Imaginez un instant : vous fuyez votre pays, traversez des milliers de kilomètres, pour finalement vous retrouver dans une ville inconnue, sans repères ni ressources. C’est le défi auquel font face des milliers de migrants arrivant chaque année aux États-Unis. Mais à Denver, dans le Colorado, les autorités ont décidé de prendre le problème à bras-le-corps en lançant un programme révolutionnaire d’intégration des nouveaux arrivants. Une initiative qui pourrait bien servir de modèle à d’autres villes confrontées à l’afflux migratoire.
Denver transforme la “crise migratoire” en opportunité
Depuis 2022, Denver a accueilli plus de 42 000 migrants, principalement en provenance d’Amérique latine. Face à cet afflux sans précédent, la ville a d’abord dû gérer l’urgence en multipliant les dispositifs d’hébergement temporaire : hôtels, tentes, abris de fortune… Une situation précaire et coûteuse, qui ne pouvait durer éternellement.
C’est là qu’entre en scène le maire de Denver, Mike Johnston, bien décidé à changer de braquet. Plutôt que de voir les migrants comme un fardeau, il préfère les considérer comme une chance pour sa ville. Comme il l’explique :
Notre objectif était de transformer ce que les gens percevaient comme une crise en une opportunité. Nous avons des gens qui arrivent en ville, désespérés de travailler, avec des compétences et des talents. Et nous avons des employeurs assoiffés de main-d’œuvre. Il fallait connecter les deux.
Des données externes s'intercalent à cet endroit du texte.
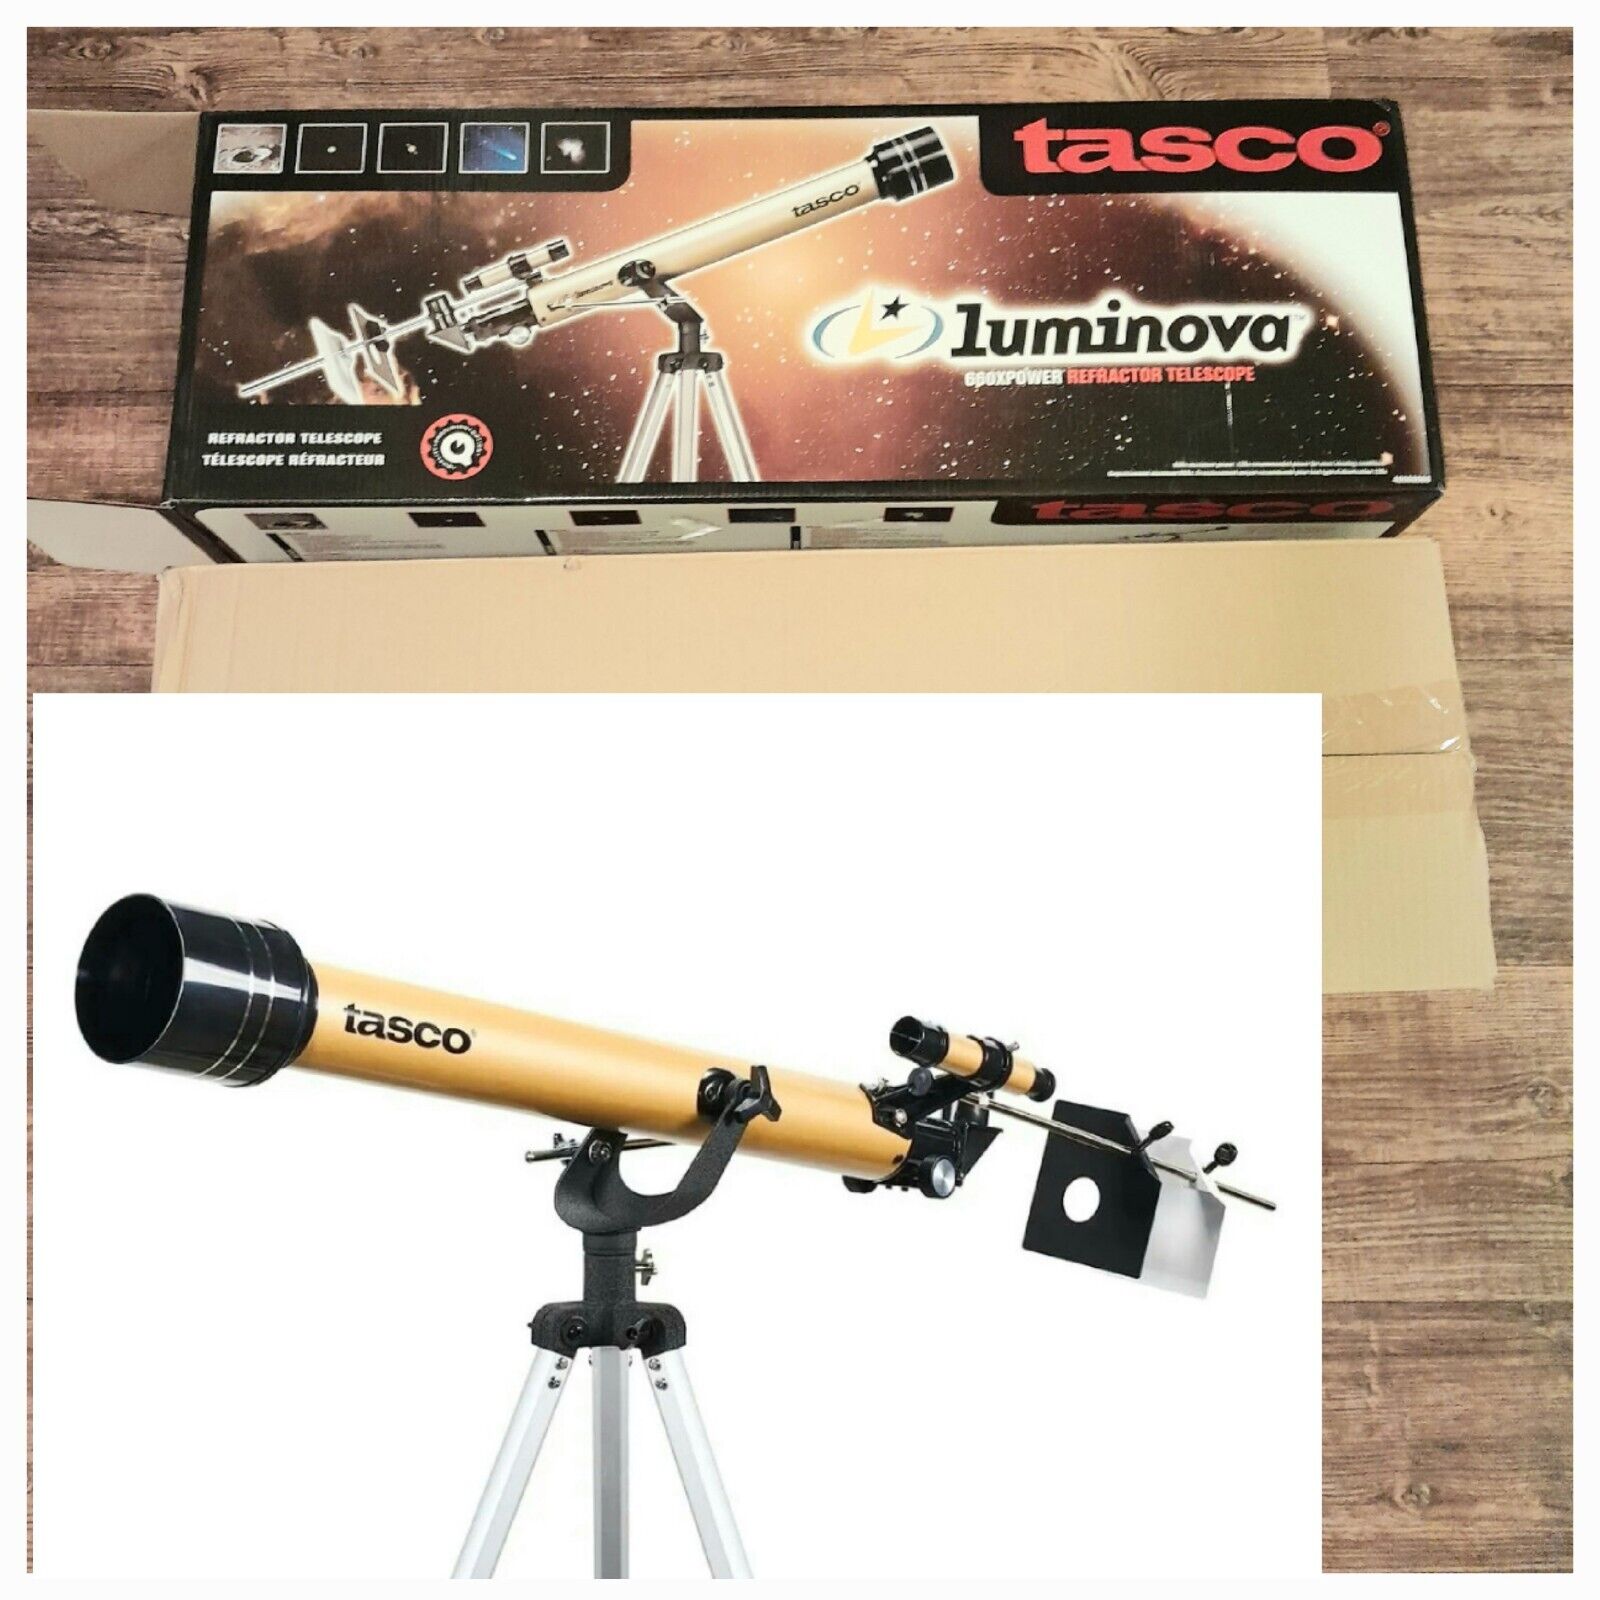 Tasco Luminova 660 x 60mm Refractor Telescope, Tripod, Moon Lens, Barlow  NEW

– Mike Johnston, maire de Denver
Un accompagnement sur mesure pendant 6 mois
Baptisé Denver Asylum Seekers Program, le dispositif innovant s’adresse aux migrants engagés dans une procédure de demande d’asile, un processus qui dure en moyenne 6 mois. Durant cette période, les bénéficiaires se voient proposer :
- Un logement stable, d’abord à l’hôtel puis en appartement
- Une formation professionnelle ciblée sur les secteurs en tension (santé, bâtiment, restauration…)
- Des cours d’anglais intensifs pour acquérir les bases de la langue
- Un accompagnement juridique pour constituer le dossier de demande d’asile
- Des ateliers de gestion budgétaire pour apprendre à gérer ses finances
L’objectif est qu’au bout des 6 mois, lorsque le demandeur d’asile obtient enfin son permis de travail, il soit immédiatement opérationnel et employable. Un pari ambitieux, qui semble porter ses fruits puisque près de 800 personnes sont déjà inscrites dans le programme, sur les quelque 1000 migrants encore présents dans les centres d’hébergement de la ville.
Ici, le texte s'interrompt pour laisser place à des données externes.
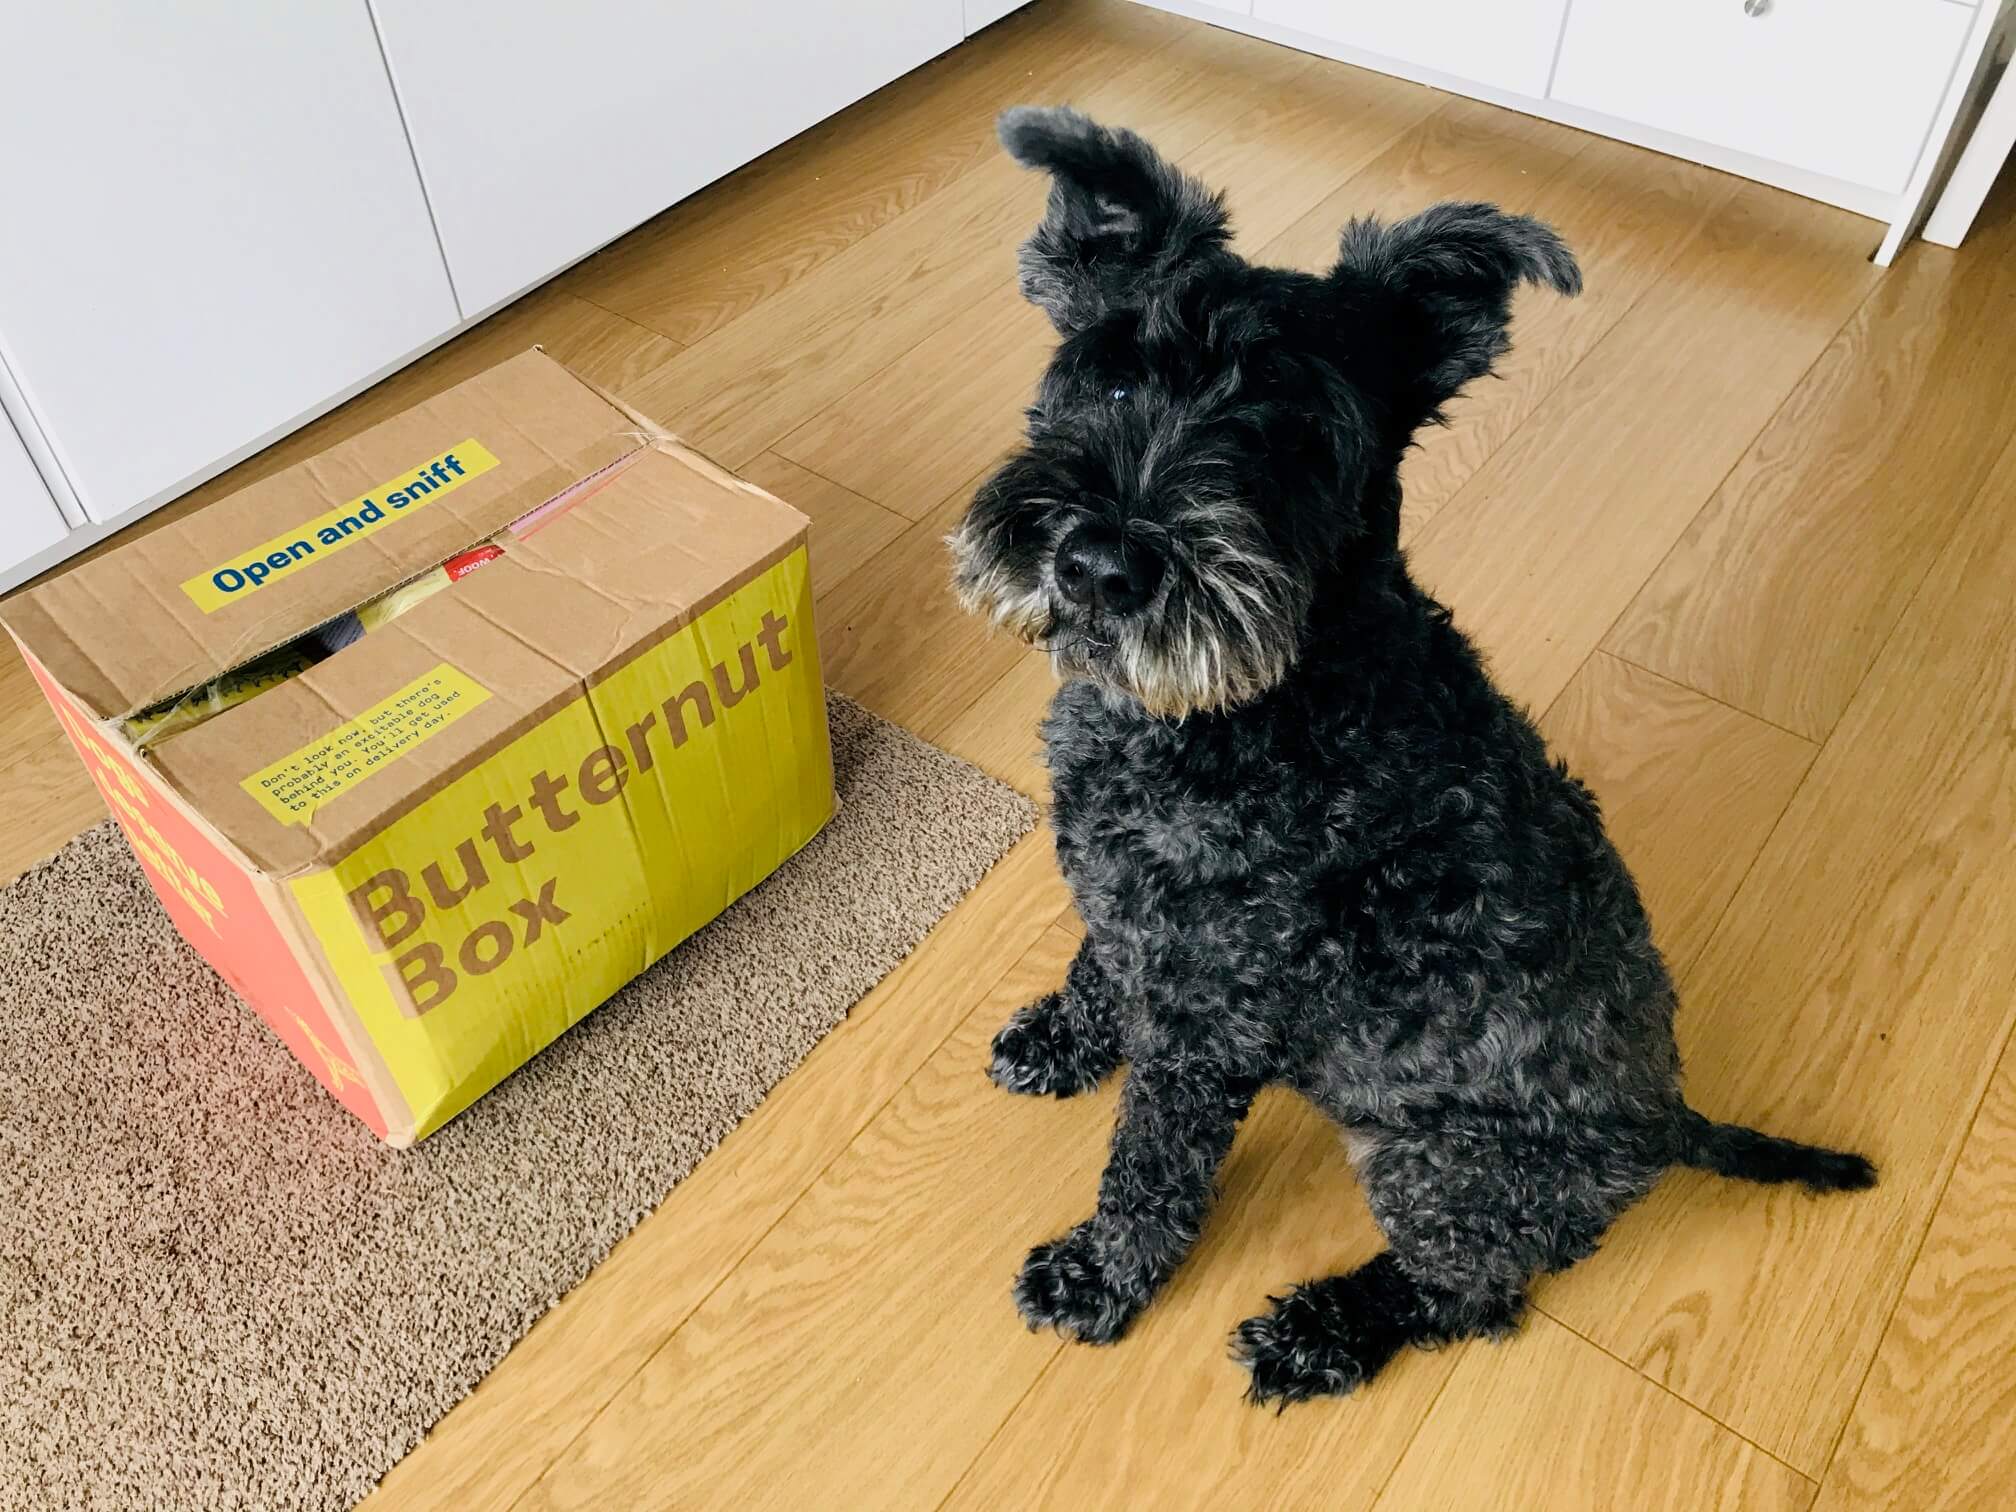 A black dog with a yellow cardboard box

Une approche bénéfique pour les migrants… et pour la ville
Au-delà de l’aspect humanitaire, cette politique volontariste vise à faire des migrants un atout pour le dynamisme économique de Denver. En les formant aux métiers en tension et en facilitant leur intégration, la municipalité espère répondre aux besoins criants de main-d’œuvre des entreprises locales. Une stratégie gagnant-gagnant, qui profite à la fois aux nouveaux arrivants et au tissu économique de la ville.
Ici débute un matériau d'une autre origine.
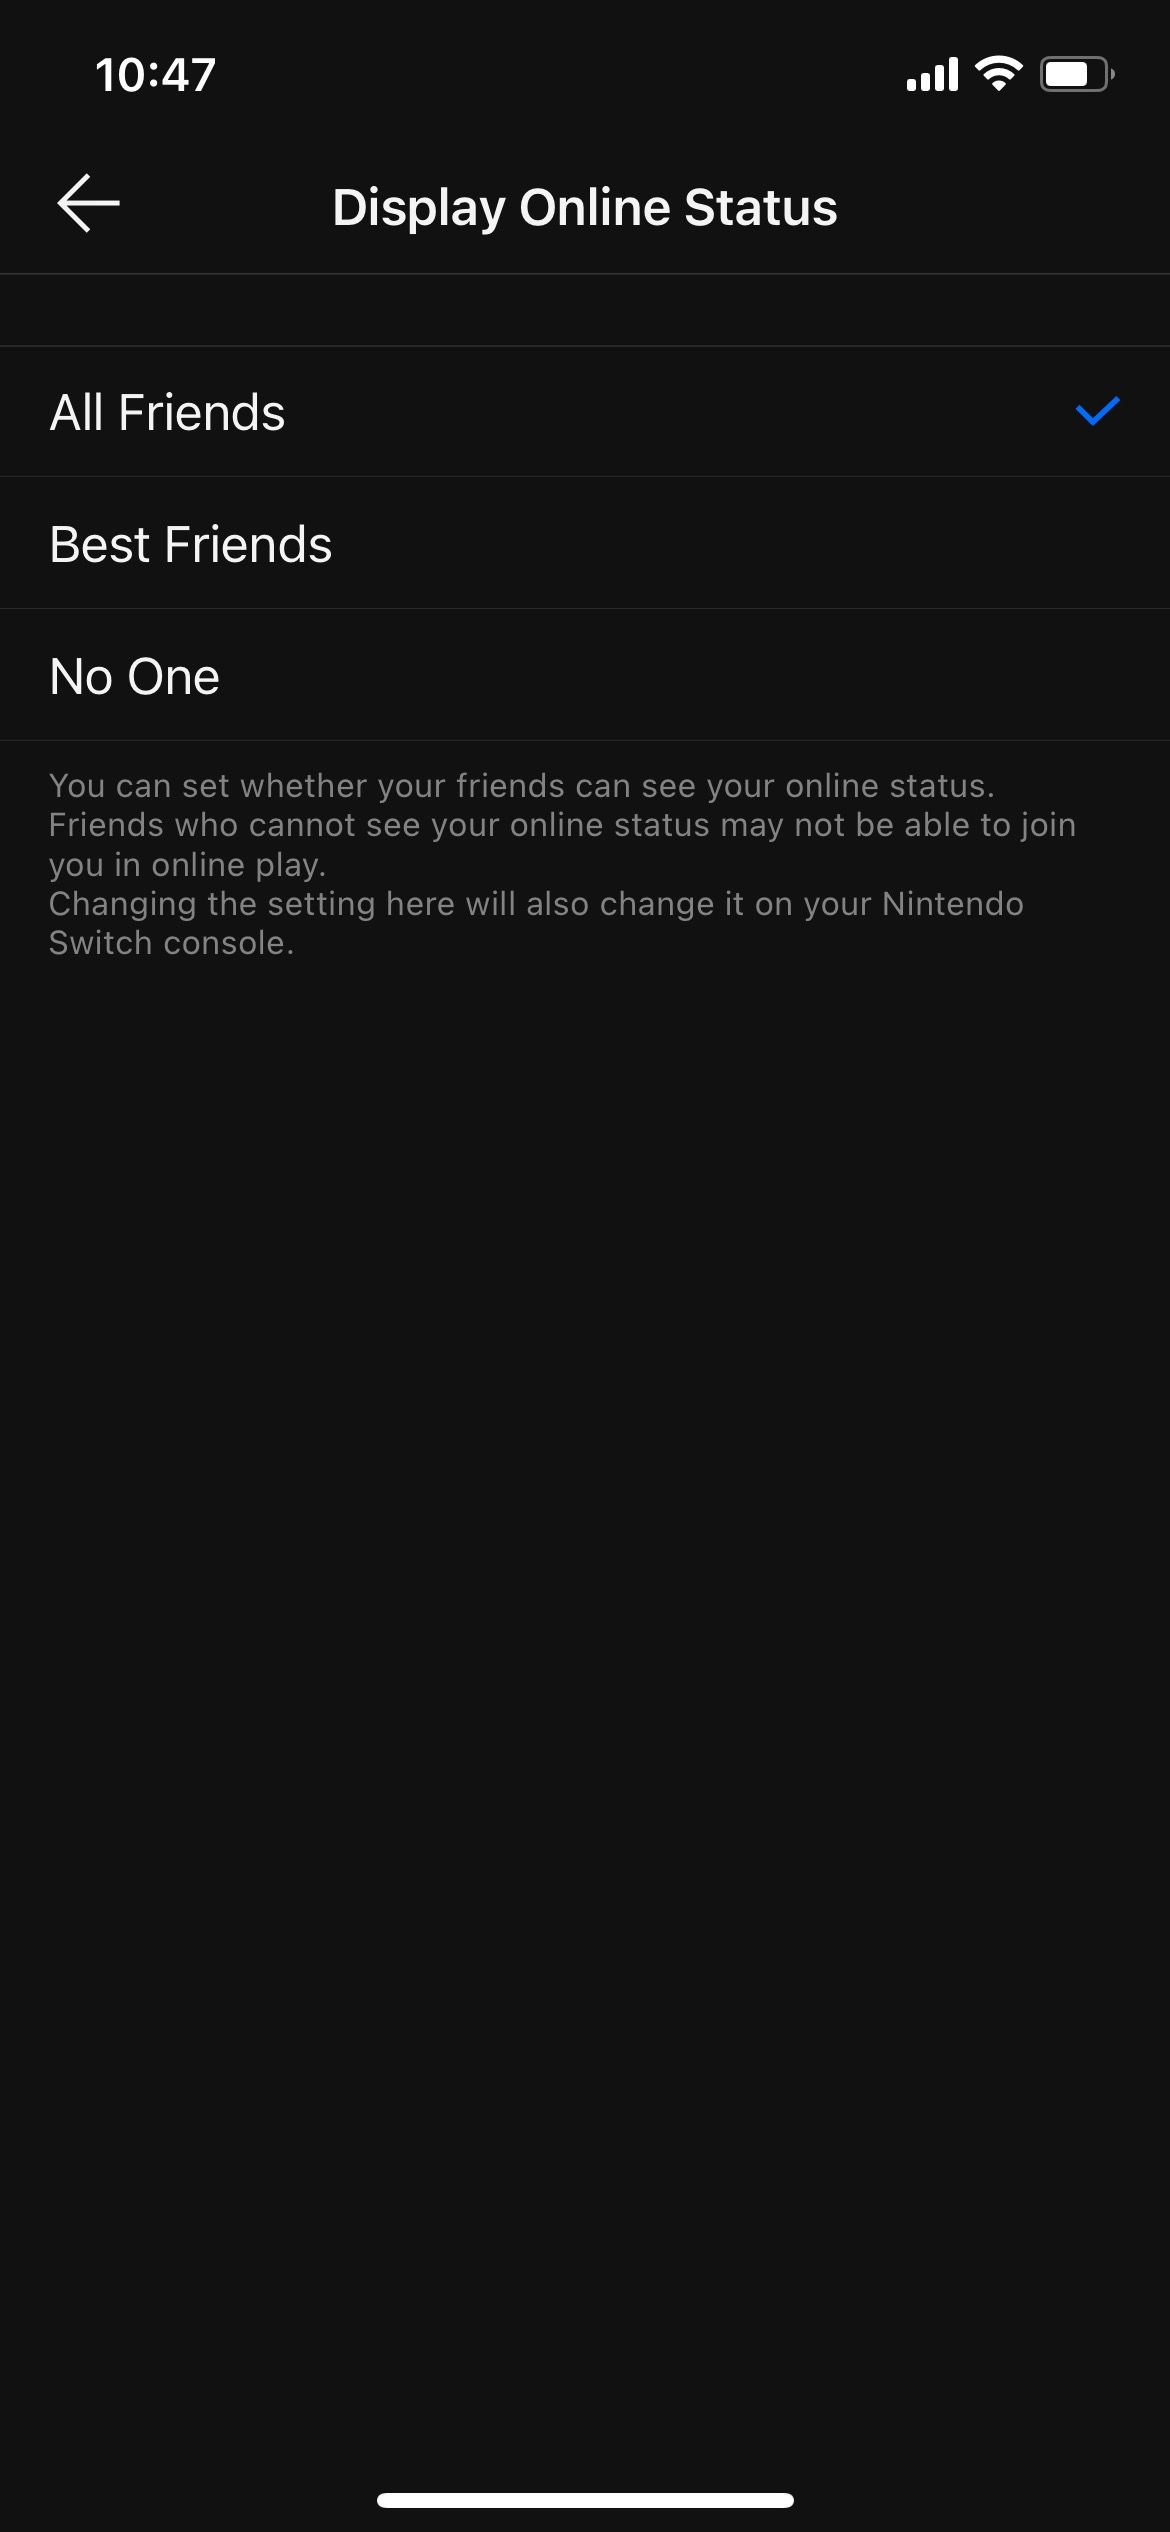 Display Online Status Nintendo Switch app

Autre avantage non négligeable du programme : il permet à Denver de réduire considérablement le coût de l’accueil des migrants. Car loger des gens en appartement coûte beaucoup moins cher que d’entretenir des centres d’hébergement d’urgence ! Ainsi, alors que la ville craignait de devoir débourser jusqu’à 180 millions de dollars en 2024 si elle maintenait sa politique initiale, elle table désormais sur un budget de 90 millions. Une économie substantielle, qui montre qu’investir dans l’intégration peut aussi être rentable financièrement.
Un modèle inspirant pour d’autres villes
Alors que d’autres grandes villes comme New York ou Chicago peinent à gérer l’afflux migratoire, le pari de Denver suscite beaucoup d’intérêt. Son approche innovante, qui mise sur l’accompagnement au long cours plutôt que sur l’urgence permanente, pourrait bien faire des émules. Comme le souligne Mike Johnston :
Nous pensons avoir une solution que toutes les villes peuvent utiliser. Denver ne peut pas résoudre ce problème seule.
– Mike Johnston, maire de Denver
Il faut dire que la réussite de l’intégration des migrants est un défi national, qui nécessite des réponses ambitieuses et coordonnées. En montrant qu’il est possible de transformer une “crise” en opportunité, Denver ouvre la voie à un nouveau modèle d’accueil, plus digne et plus efficace. Une source d’inspiration pour repenser en profondeur les politiques migratoires.